The field of this invention is wear and fatigue resistant clutches for screw guns which automatically disengage when a screw is driven to a selected depth and which disengage positively to prevent clashing, and also materials and processes for manufacturing wear and fatigue resistant alloy steel components for screw gun clutches, and for power tools generally, especially hand-held power tools.
The prior art includes several examples of positive disengagement clutches, or “quiet” clutches, for screw guns. Generally, these clutches include a mechanism for moving the clutch surfaces away from one another when they disengage to prevent the clutch surfaces from clashing. This positive disengagement leads to an extended life of the clutch and results in other desirable operating characteristics such as reduced noise and vibration.
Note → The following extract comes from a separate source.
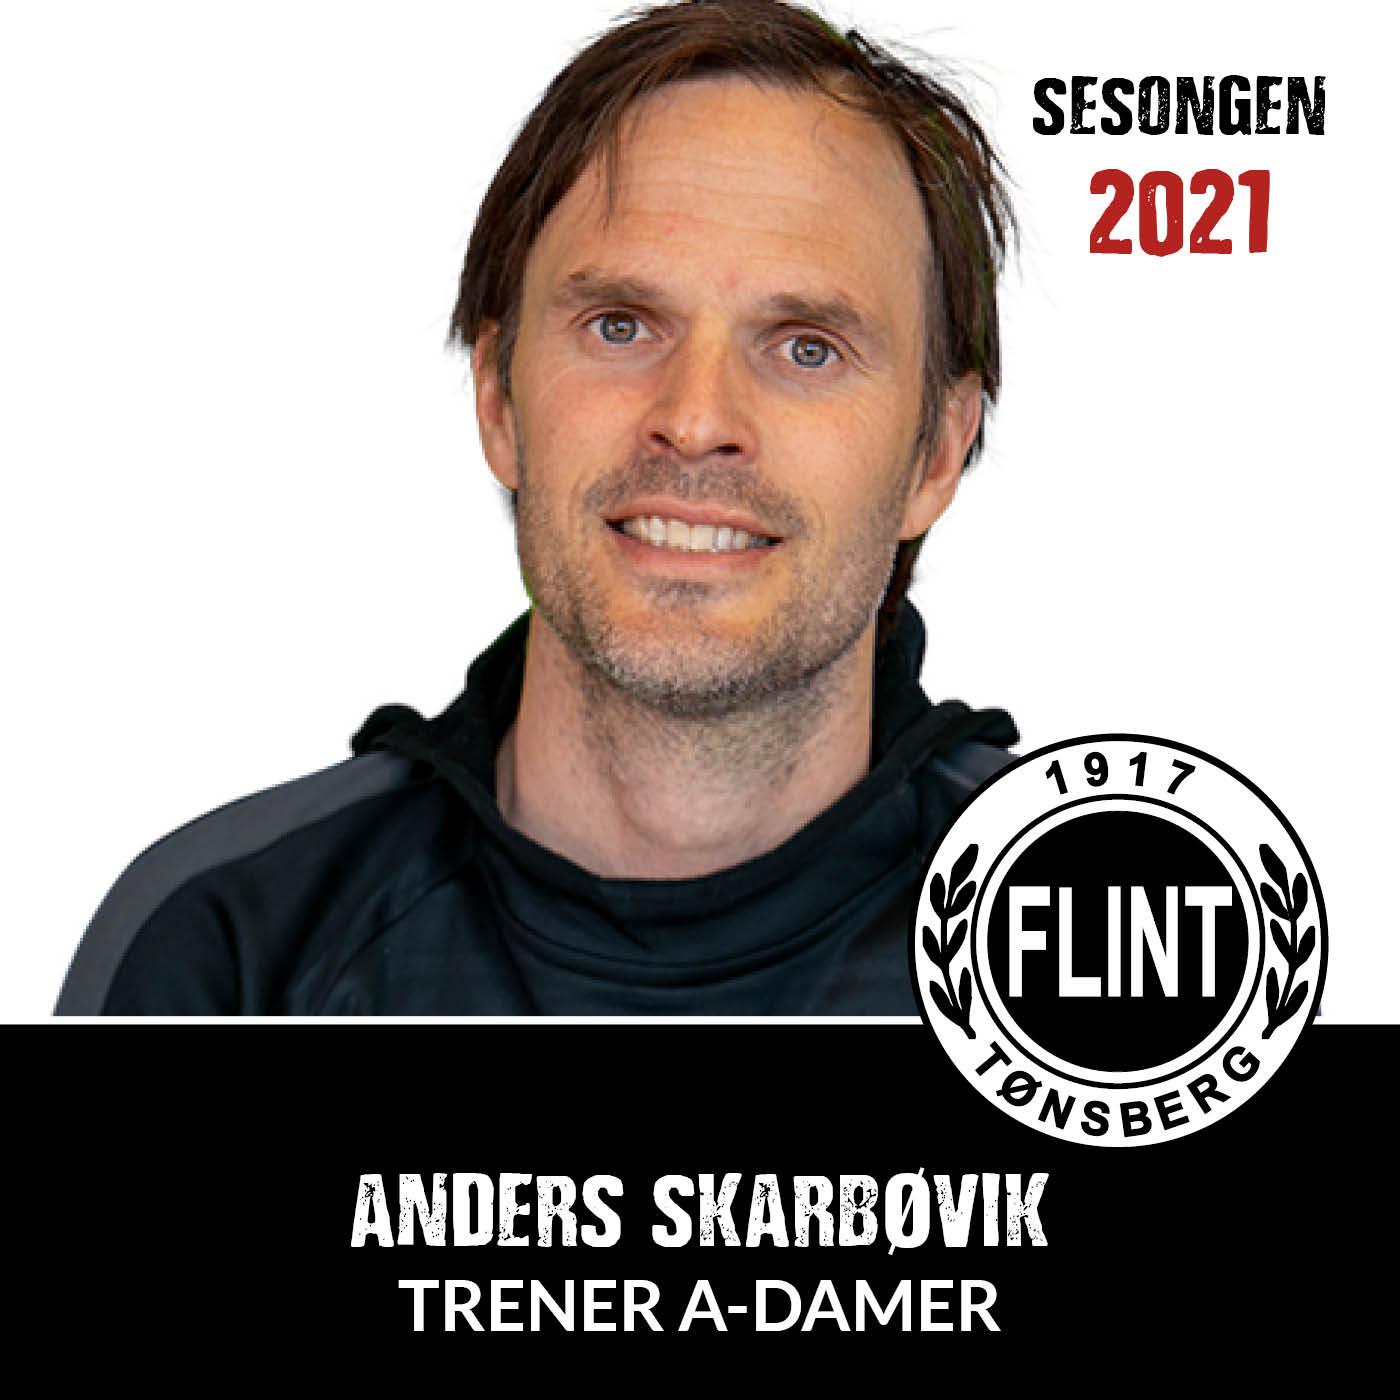 https://www.flintfotball.no/wp-content/uploads/2021/02/Trenere-Anders-Skarbovik.jpg

U.S. Pat. Nos. 4,655,103, 4,809,572, and 4,947,714 disclose exemplary quiet clutches for screw guns. The '714 patent discloses a clutch with three clutching elements—a drive element, an intermediate element and an output element. To drive a screw, all three clutch elements are initially engaged with one another (see FIG. 2 of the '714 patent). At some point while driving the screw, torque causes the intermediate element and the output element to separate from each other due to the cam surfaces 30, 15 (see FIG. 3 of the '714 patent). When the screw is almost driven to its intended depth, the intermediate element and the output element slide axially forward away from the input element, following the screw into the work piece (see FIG. 4 of the '714 patent). When the screw reaches its intended depth, the input element and the intermediate element slip. Once the slip occurs, the torque is released and the separation between the output element and the intermediate element caused by the torque and the cam surfaces 30 and 15 is no longer present. A spring positioned between the input element and the intermediate element returns the intermediate element back together with the output element. This return creates a gap “s” between the input element and the intermediate element (see FIG. 5 of the '714 patent). The gap prevents clashing of the clutch surfaces during disengagement.
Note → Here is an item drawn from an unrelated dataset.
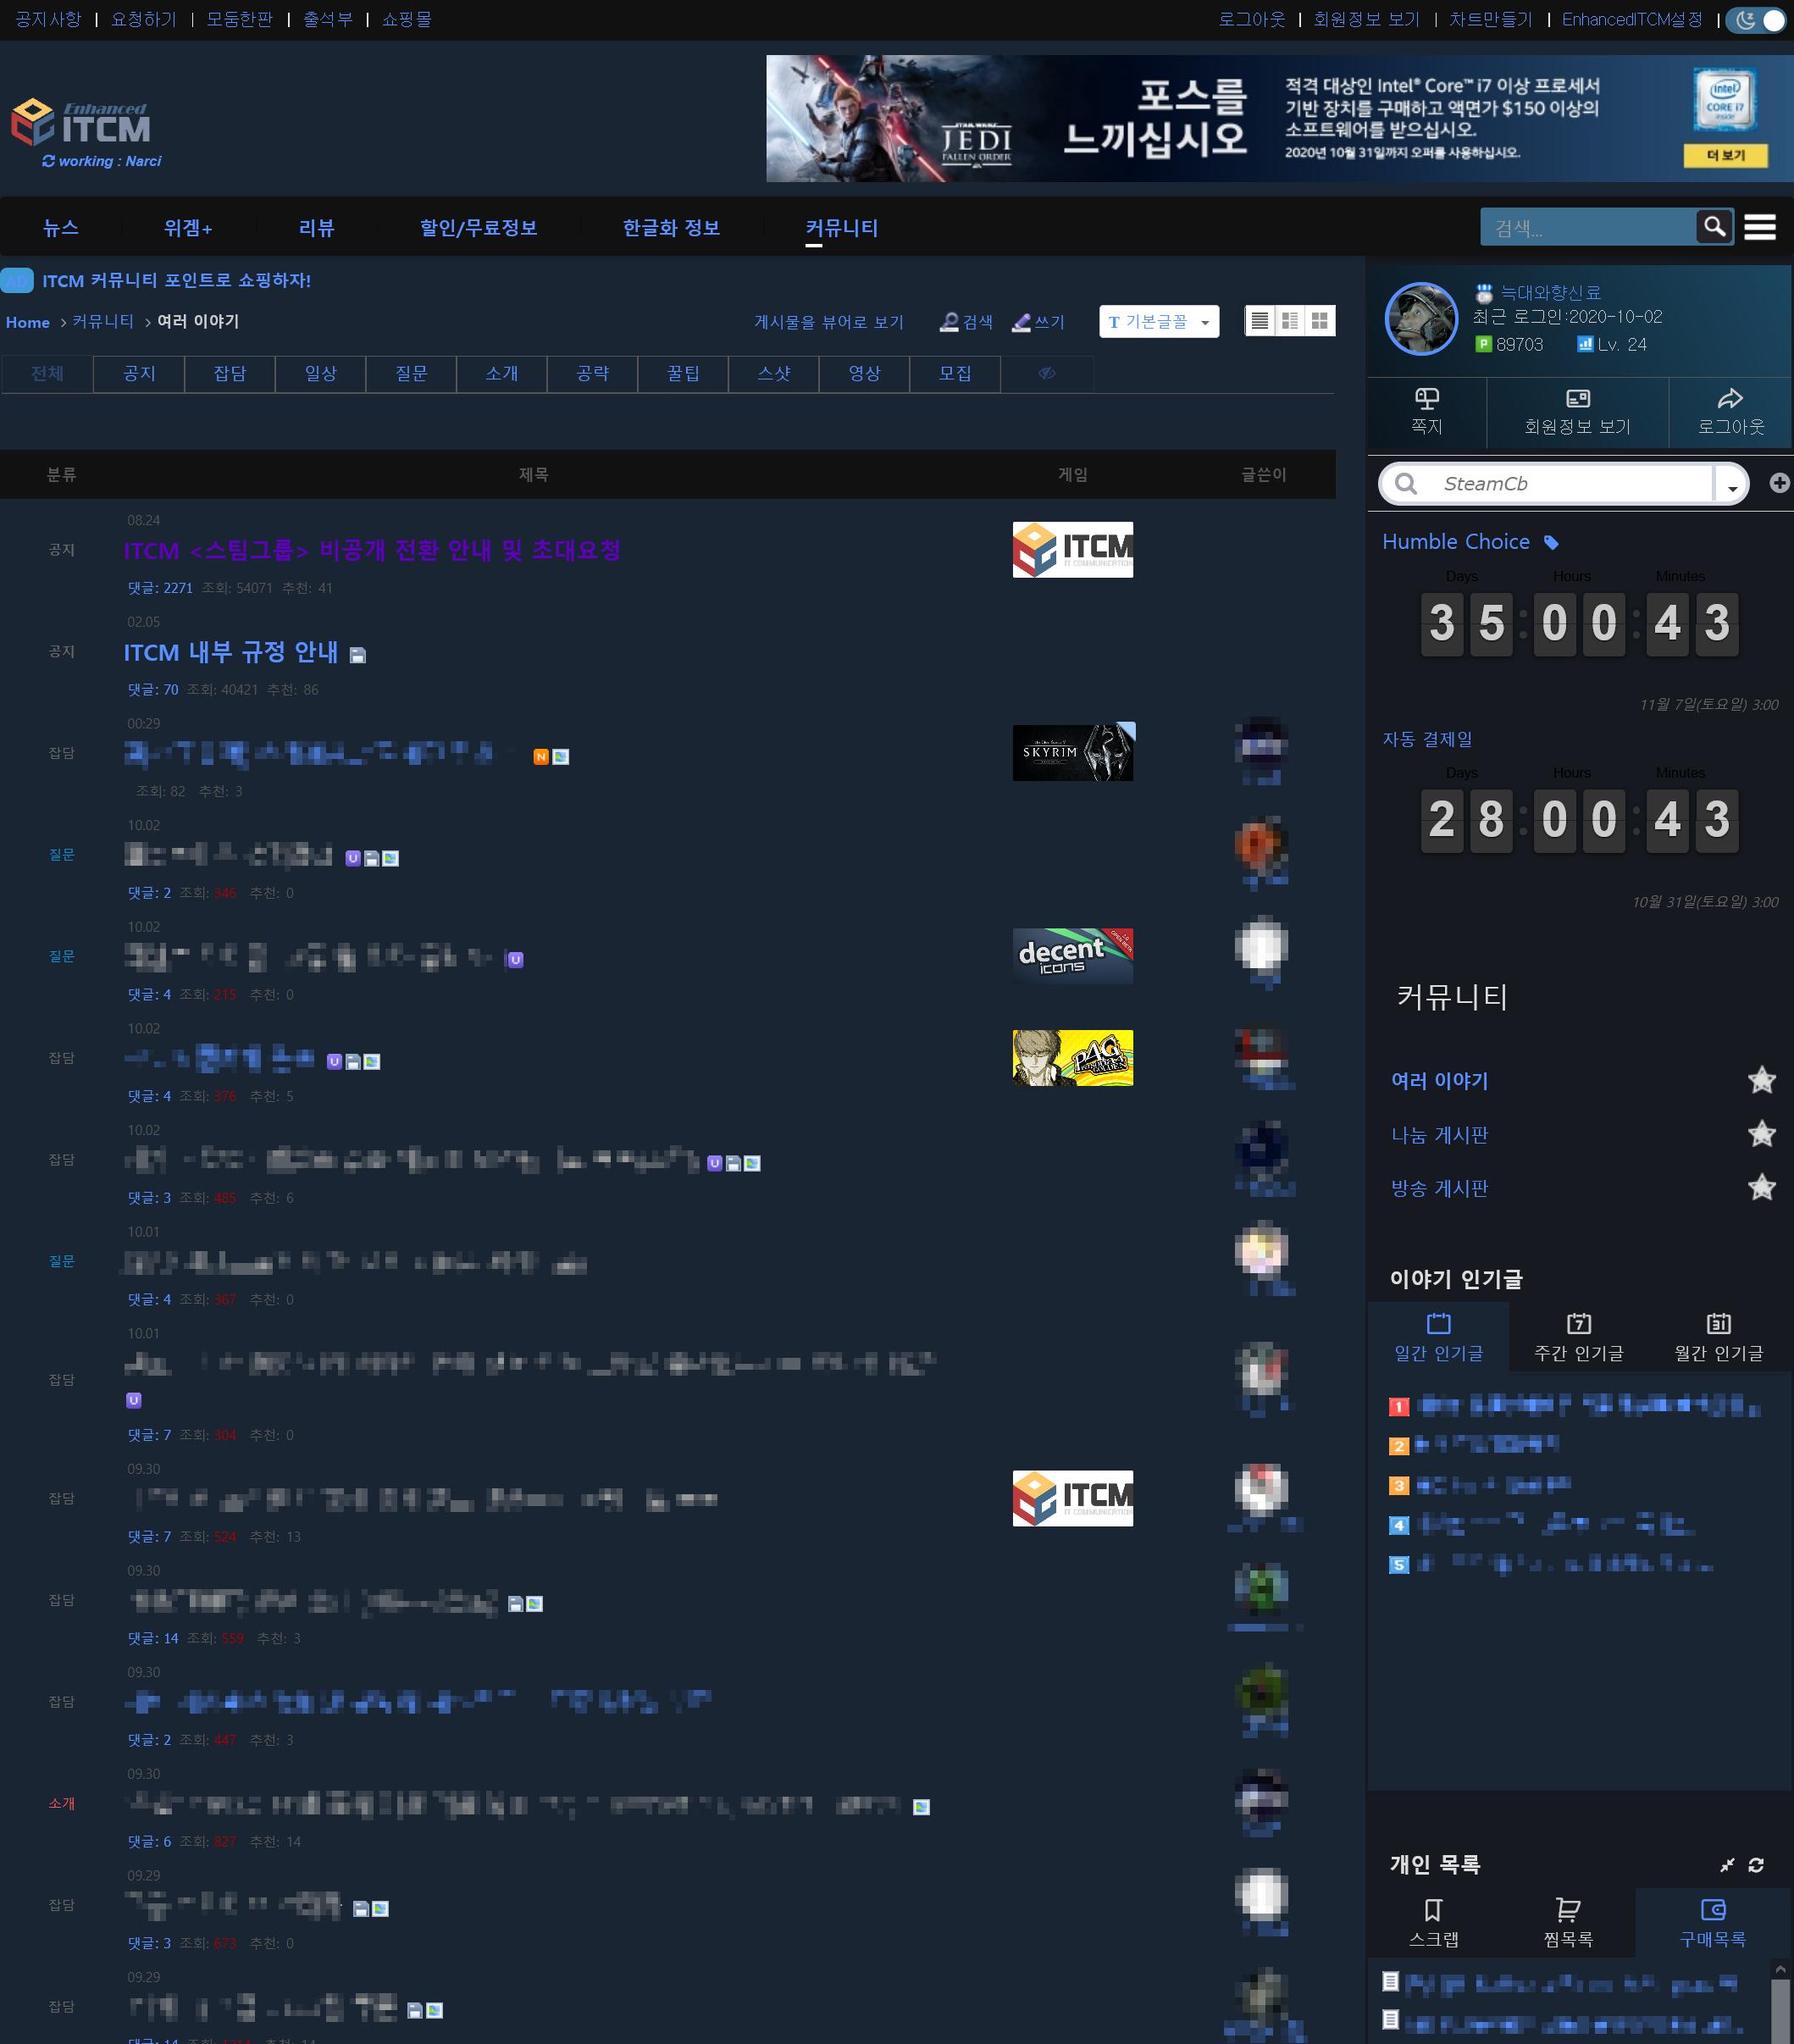 Screenshot_2020-10-03 이야기 - ITCM.png

While the clutch described in the '714 patent prevents clashing of the clutch surfaces during disengagement, the contact area between the intermediate element and the output element in the '714 patent decreases as the intermediate element moves away from the output element. This decrease in the contact area leads to an additional increase in the stress which arises on the intermediate element and the output element from the transfer of torque from one to the other. The increased stress could lead to a decrease in the fatigue life of each part.
Clutch components such as the drive element, intermediate element and output element described in the '714 patent have been made from steel such as SAE 8620 steel. While this steel has been selected because of its desirable wear and fatigue properties, clutches in screw guns nevertheless remain one of the shortest-lived wear components in these tools. Breakdown of screw guns due to clutch failure causes the user to spend considerable time and money repairing the clutch or replacing the tool in its entirety.
Screw gun clutches, as well as other high-wear components in power tools, would benefit from greater wear and fatigue resistance properties. Many high-wear components in hand-held power tools are especially sensitive to wear and fatigue because in hand-held power tools the weight and size of these components is typically minimized. Use of higher alloy steels can improve the wear and fatigue resistance of these components but does so typically at the expense of the cost competitiveness of the tool. Higher alloy steels can lead to greater initial manufacturing and inventory costs and increased difficulty in final machining.
The wear and fatigue resistance of screw gun clutches is improved herein through both improvements in the design of these clutches and improvements in the materials and manufacturing methods for producing them. These improvements are achieved with very little increase in the cost of the clutches.
Thus, one aspect of the invention is a clutch design which prevents clashing of the clutch surfaces during disengagement and is also more wear resistant than previous designs. This clutch design is also simple and inexpensive.
Another aspect of the invention is materials and methods for manufacturing the components of the clutch. The components can be cast to near-net shape with a higher alloy steel, and can later be carburized or nitrided and subjected to other treating processes. In addition to screw gun clutches, these materials and methods are also applicable to other high-wear components in power tools generally, such as clutch components for drill/drivers and rotary ratchets for hammerdrills and hammers.